This paper is structured as follows: In the next section of materials and methods, the data used in this paper will be described in details, along with the models adopted for analyses at both national level and county level. The results from our analyses at national level and county level are presented and explained in the section of results, with a focus on the estimation and interpretation of the herd and marginal effects of vaccination regarding CFR. Our findings will be summarized in the discussion section, where important implications and limitations of our study will also be discussed.
2 Materials and Methods
2.1 Data
Our data comes from three different sources. The US vaccine administration and equity dataset is obtained from the CDC website and has vaccination coverages of the general population and its subpopulations (defined by age) recorded daily at county level [10]. The percent of people who completed a primary series of vaccination in the general population was extracted from the dataset and served as the main covariate in our model.
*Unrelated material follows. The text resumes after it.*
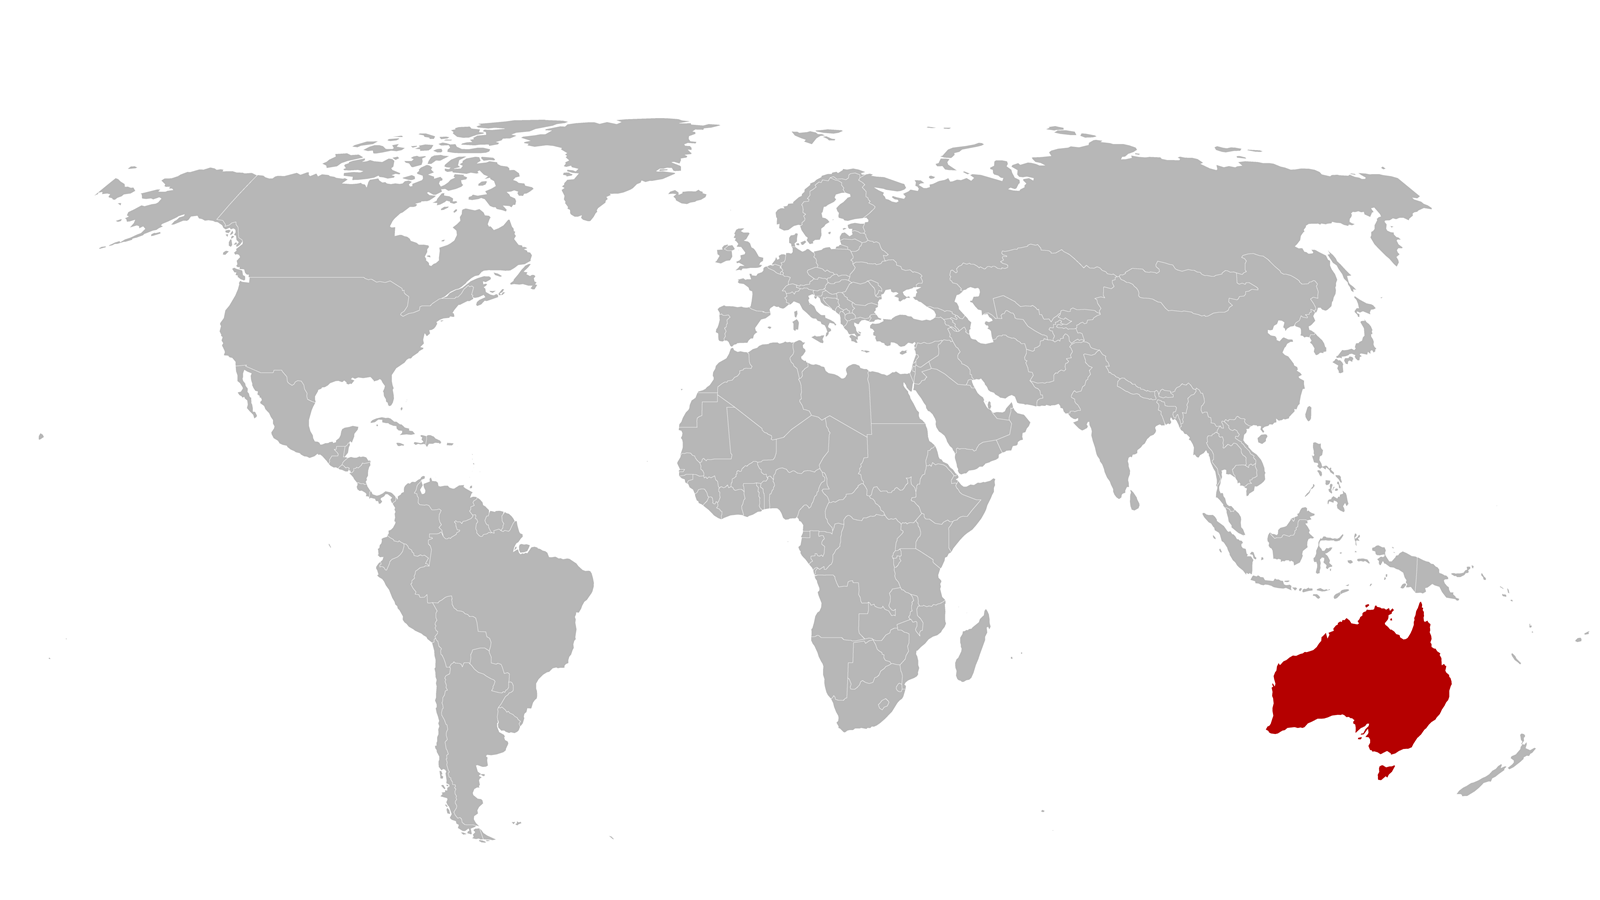 World map with Australia hightlighted

The daily CFR at county level was calculated as the ratio between the daily count of deaths and the daily count of COVID-19 cases, based on the time series summary tables of COVID-19 deaths and confirmed cases, which were accessed from the COVID-19 data repository by the Center for Systems Science and Engineering (CSSE) at John Hopkins University [19]. To further control for county heterogeneity, we used a dataset from the Centers for Disease Control and Prevention Social Vulnerability Index (CDC SVI) database, created by the Geospatial research, Analysis & Services Program under the Agency for Toxic Substances and Disease Registry [18]. The CDC SVI database was established to help health officials and emergency response planners identify counties that will most likely need support before, during, and after a hazardous event. CDC SVI ranks counties on 15 social factors and further groups them into four themes, namely socioeconomic status, household composition & disability, minority status & language, and housing type & transportation [20]. We chose to use the theme-specific ranking which was constructed by summing the percentiles of the factors under each theme. The theme-specific ranking was set in the range from 0 to 1, with higher values indicating greater vulnerability.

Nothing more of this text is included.